Nie udawało się im kolejno w Atenach, Pekinie, Londynie i Rio de Janeiro. Wydawało się, że w Tokio wreszcie przekroczą granicę, na której zatrzymywali się przez 17 lat, niestety, piąty raz przegrali.
Mecz z Francją miał na pewno walory dobrego widowiska: pięć setów, zmienność wyniku, rosnące napięcie, ale z polskiej perspektywy to jednak wyjątkowo gorzka porażka, tym bardziej że drużyna Vitala Heynena prowadziła po trzech setach i dość długo kontrolowała sytuację w czwartym.

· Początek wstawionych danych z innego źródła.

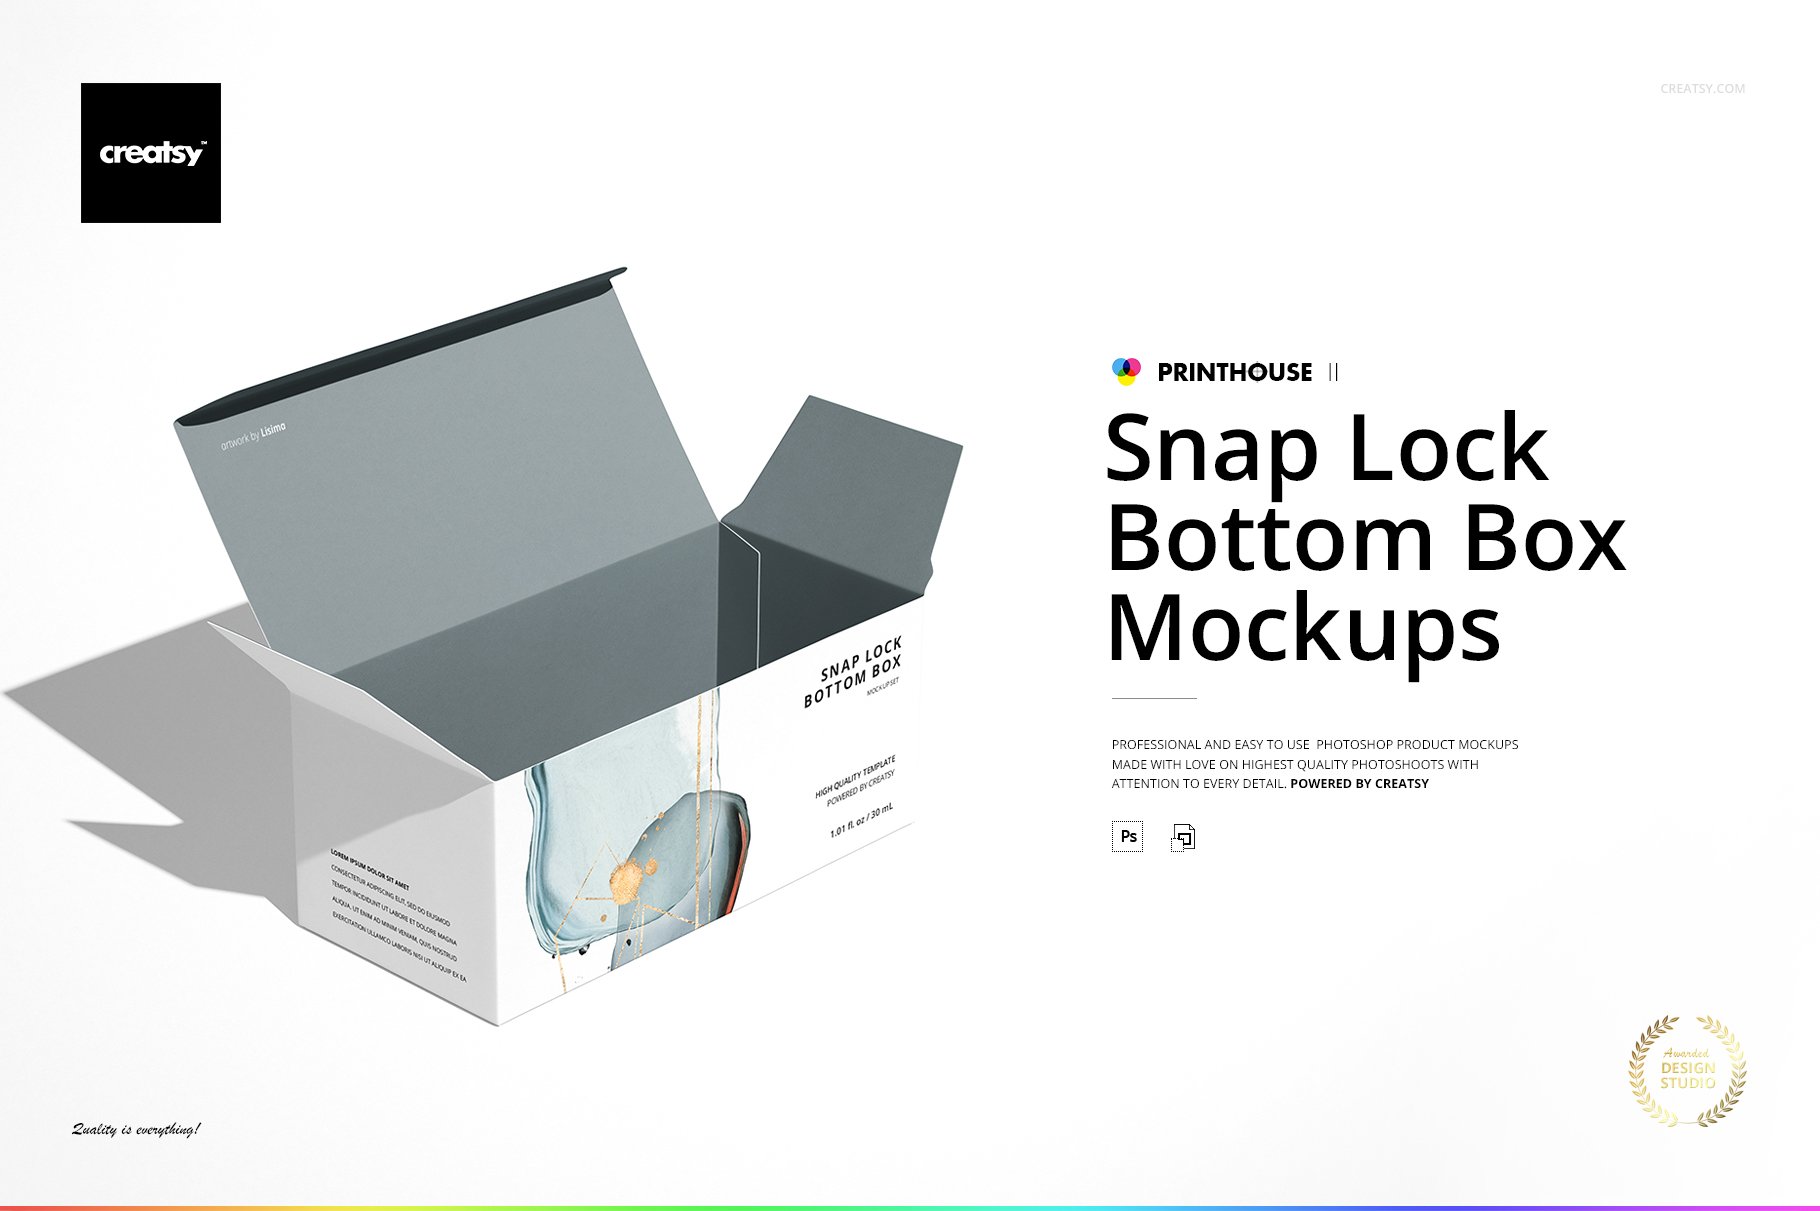 Snap Lock Bottom Box Mockup Set cover image.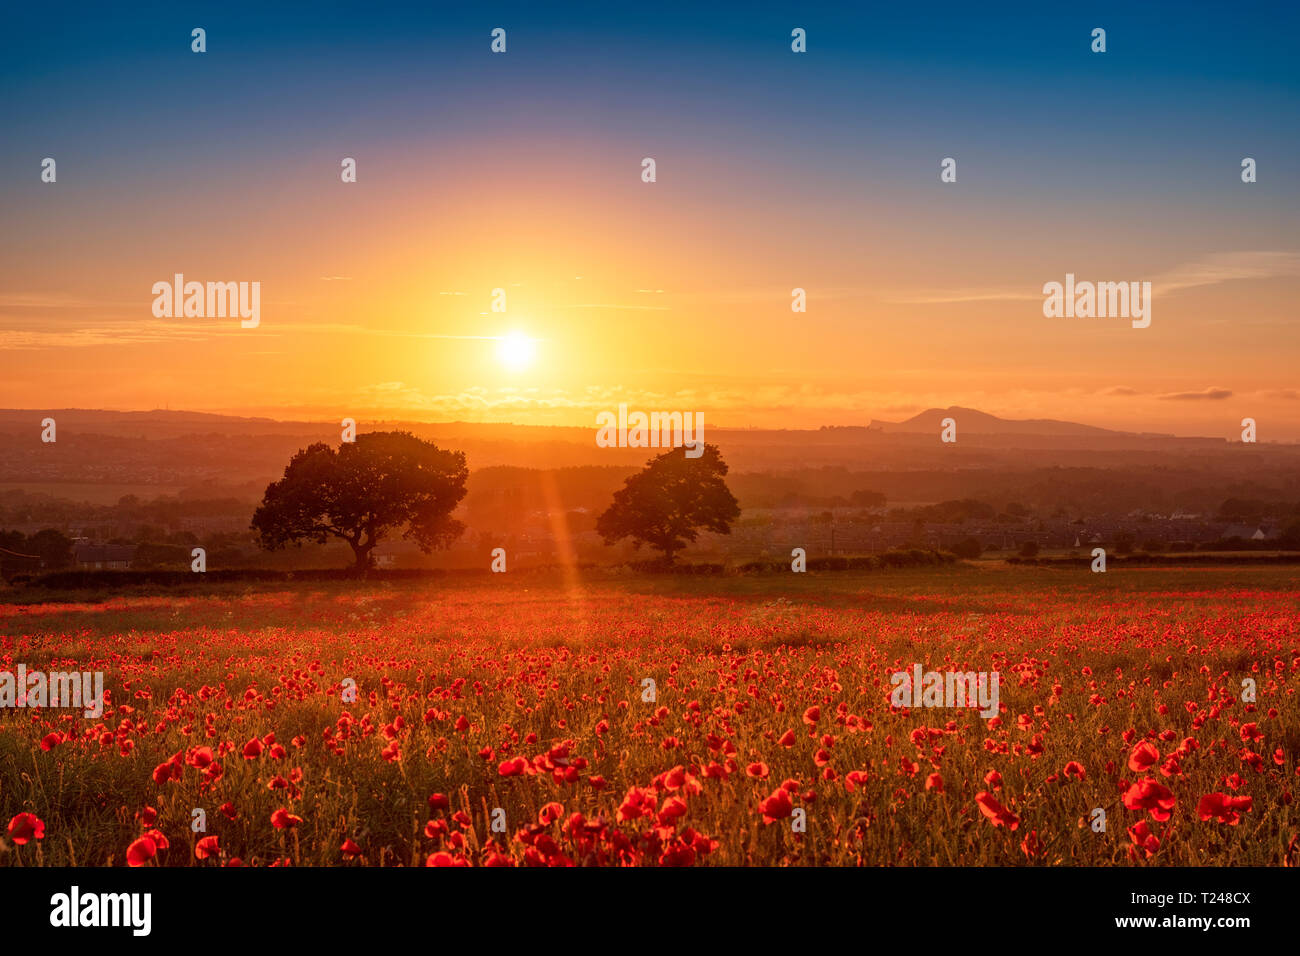 UK, Scotland, Midlothian, Poppy field at sunset Stock Photo

Można się zgodzić z zawiedzionym trenerem, który mówił do kamer telewizyjnych, że rywali ośmieliła najbardziej końcówka tego seta, w której Polska za łatwo oddała kilka punktów. Wyrównanie stanu spotkania zawsze bardziej uskrzydla tych, którzy gonią.
Mieliśmy nadzieję
Były w tym ćwierćfinale chwile dające nadzieję na awans. Heynen postawił na pierwszą szóstkę, którą w miarę łatwo było wymyślić: Wilfredo Leon i Michał Kubiak jako przyjmujący, Bartosz Kurek jako atakujący, na środku bloku Jakub Kochanowski i Mateusz Bieniek, rozgrywał Fabian Drzyzga, co do libero wyboru nie było: Paweł Zatorski jest w Tokio bez zmiennika.
Pierwszy set wyszedł im niemal bezbłędnie. Kubiak oszukiwał francuski blok i bronił jak nikt, Leon i Kurek na skrzydłach rozbijali każdy układ rąk. Trener Francuzów Laurent Tillie musiał brać czas raz i drugi, by coś zrobić z rosnącymi problemami.